Question

What kind of statistical test should I use? (Permutation test)

1

Entering edit mode

2.9 years ago

aa4120090 ▴ 10

I have the following sequence data

A_True: 45, 92, 134, 156, 199

A_Pred: 23, 44, 45, 46, 88, 156, 187, 188, 189, 210

These numbers represent the position in a sequence. The total length of sequence A is 230. A_True is actual positions (Ground truth). A_Pred is model predicted positions. So A_Pred is 10 model guess/predictions position out of 230 positions.

I would like to know if there is any statistical test that can evaluate whether set A_Pred hit/close to set A_True in terms of position (To check whether the position in set A_Pred is near to A_True or is it randomly picked)? And evaluate the following:

If the ten numbers on A_Pred overlap those in A_True, it means a perfect match, and a penalty of 4 extra numbers (Sequence 2 can predict/guess more numbers than sequence 1, but should have some penalty for mismatch).
92(in A_True) and 88(in A_Pred) has a distance difference of 4
199(in A_True) has a distance of 10 to 189(in A_Pred) and 11 to 188&210(in A_Pred)

I have more list pairs B_True,B_Pred,C_True,C_Pred... Any statistical tests can serve this purpose?

My other thought is to use combination 230C10 and find the statistically significant that it contains the number in set A_True. But combination cannot represent whether the prediction is "near" (88 in A_True is near to 92 in A_True) or not, as it treats every value as distinct numbers. My problem concerns the position.

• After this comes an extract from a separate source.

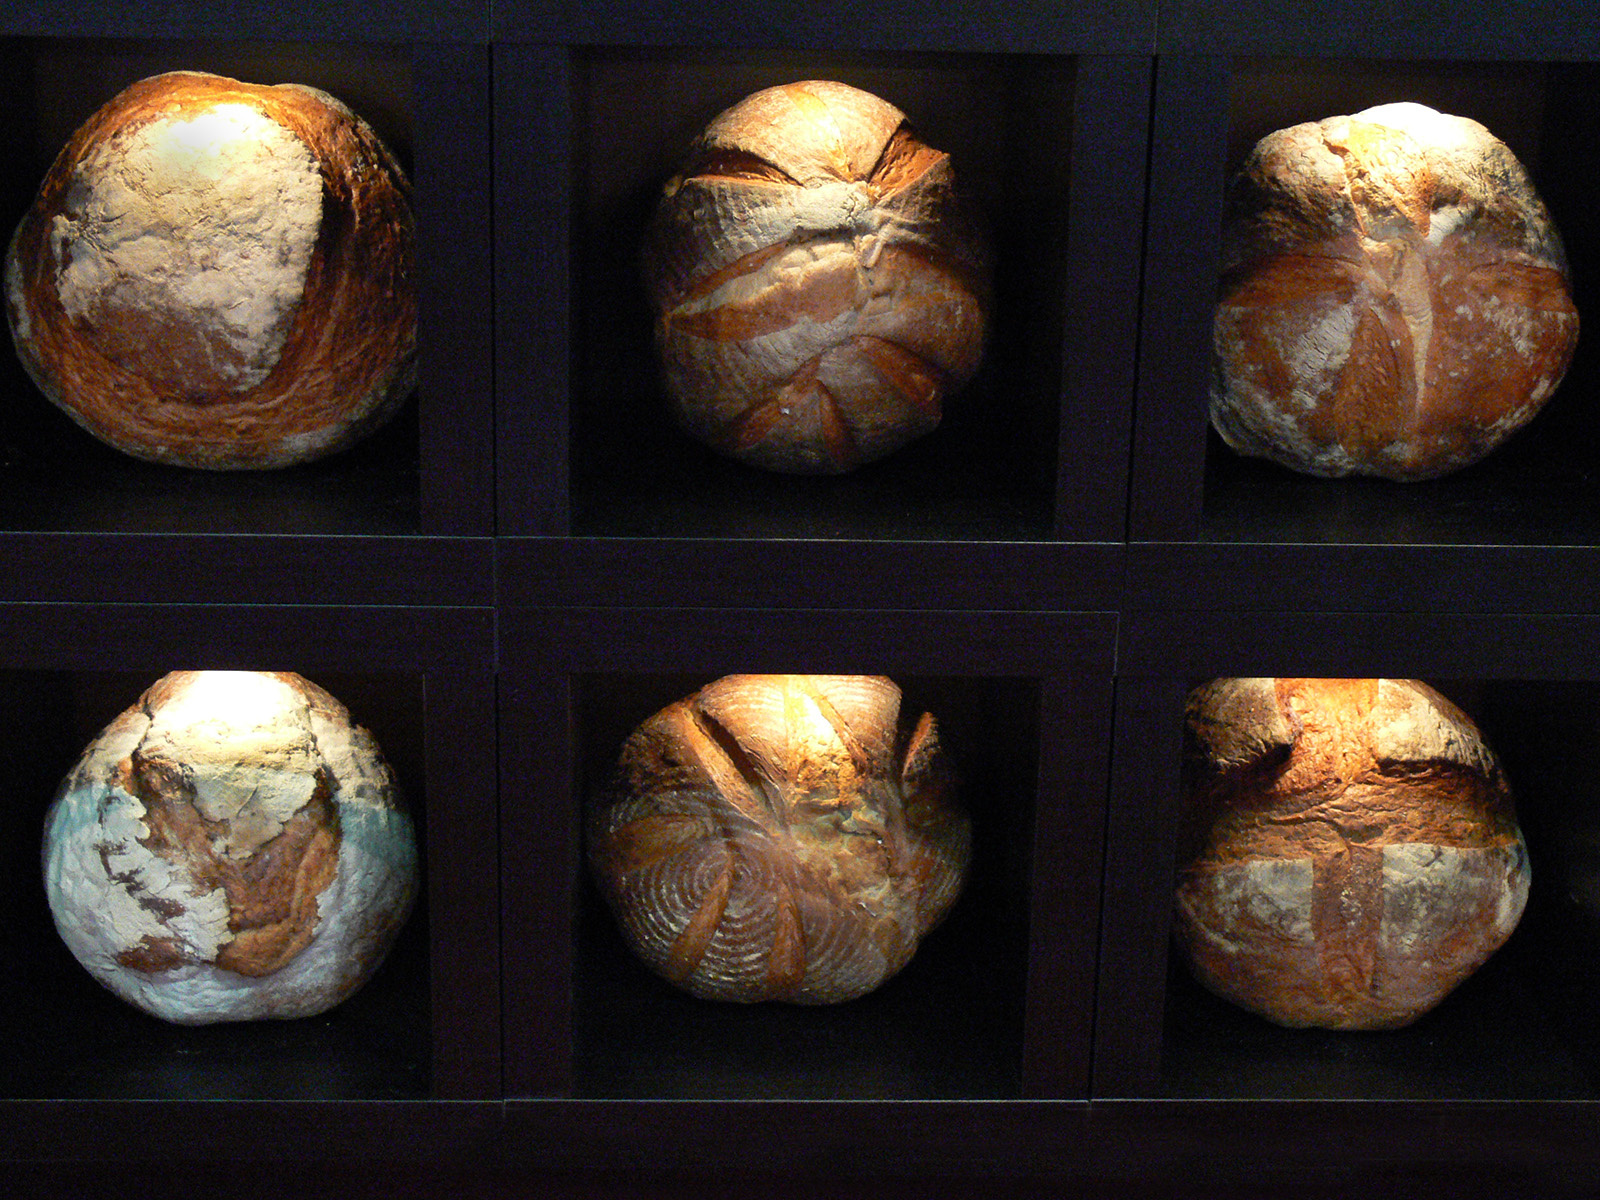 SIRHA kenyérvariációk

sequence statistical test • 1.1k views

ADD COMMENT • link 2.9 years ago by aa4120090 ▴ 10

1

Entering edit mode

I don't know the answer, but just to sort of clarify the problem, if I were to guess 10 numbers between 1 and 230, and then calculate the distance between each guess, and the closest number in A_True (assuming no ordering of guesses), the sum of distances would be greater for my random guesses than your predictor (hopefully). And if I were to redo my guesses a million times I could build a curve reflecting the frequency distribution of distances generated by a random process, that could potentially be used to judge a predictor.

ADD REPLY • link 2.9 years ago by seidel 11k

0

Entering edit mode

Yes, may i ask what kind of statistic should I use to interpret the frequency distribution? Is there a technical name for this method?

ADD REPLY • link 2.9 years ago by aa4120090 ▴ 10

score 2 · Accepted Answer · 2022-01-21

You may want to try Kolmogorov-Smirnov test (KS) for two samples, which compares the distributions F(x) and G(x) of two independent one-dimensional samples. See here for python implementation of that function. The output is KS statistic and a p-value, and they are trying to test the null hypothesis that two samples came from different distributions. When KS statistic is 0 and p-value is 1, that means identical distributions. A large(er) KS statistic and a p-value < 0.05 confirms the null hypothesis, meaning that distributions are different.

A short python code with your data:

import numpy as np
from scipy.stats import ks_2samp

data1 = np.array([45, 92, 134, 156, 199])
data2 = np.array([23, 44, 45, 46, 88, 156, 187, 188, 189, 210])
ks_2samp(data1, data2)

The output:

Ks_2sampResult(statistic=0.3, pvalue=0.8618938799547571)

On the surface, this test rejects the null hypothesis of different distributions, which would indicate that predictions could be similar enough to true values. Yet part of the reason for not being able to reject the null hypothesis is that these are small samples. Here is what you get by testing two random distributions of 5 & 10 numbers in 0-200 range, which should be sufficiently similar to your true and predicted data.

data1a = np.random.randint(0, 200, 5)
data2a = np.random.randint(0, 200, 10)
ks_2samp(data1a, data2a)

Ks_2sampResult(statistic=0.4, pvalue=0.5402481714873653)
Ks_2sampResult(statistic=0.4, pvalue=0.5402481714873653)
Ks_2sampResult(statistic=0.8, pvalue=0.01159044044395834)
Ks_2sampResult(statistic=0.3, pvalue=0.8618938799547571)
Ks_2sampResult(statistic=0.6, pvalue=0.11032754154370181)

Only one of them comes close to confirming the null hypothesis, even though these are randomly drawn. This would be something to test comprehensively, but my guess is that in your case KS statistic <= 0.2 would mean good predictions, and larger values than that not good predictions.

Kullback–Leibler divergence may be worth checking out as well.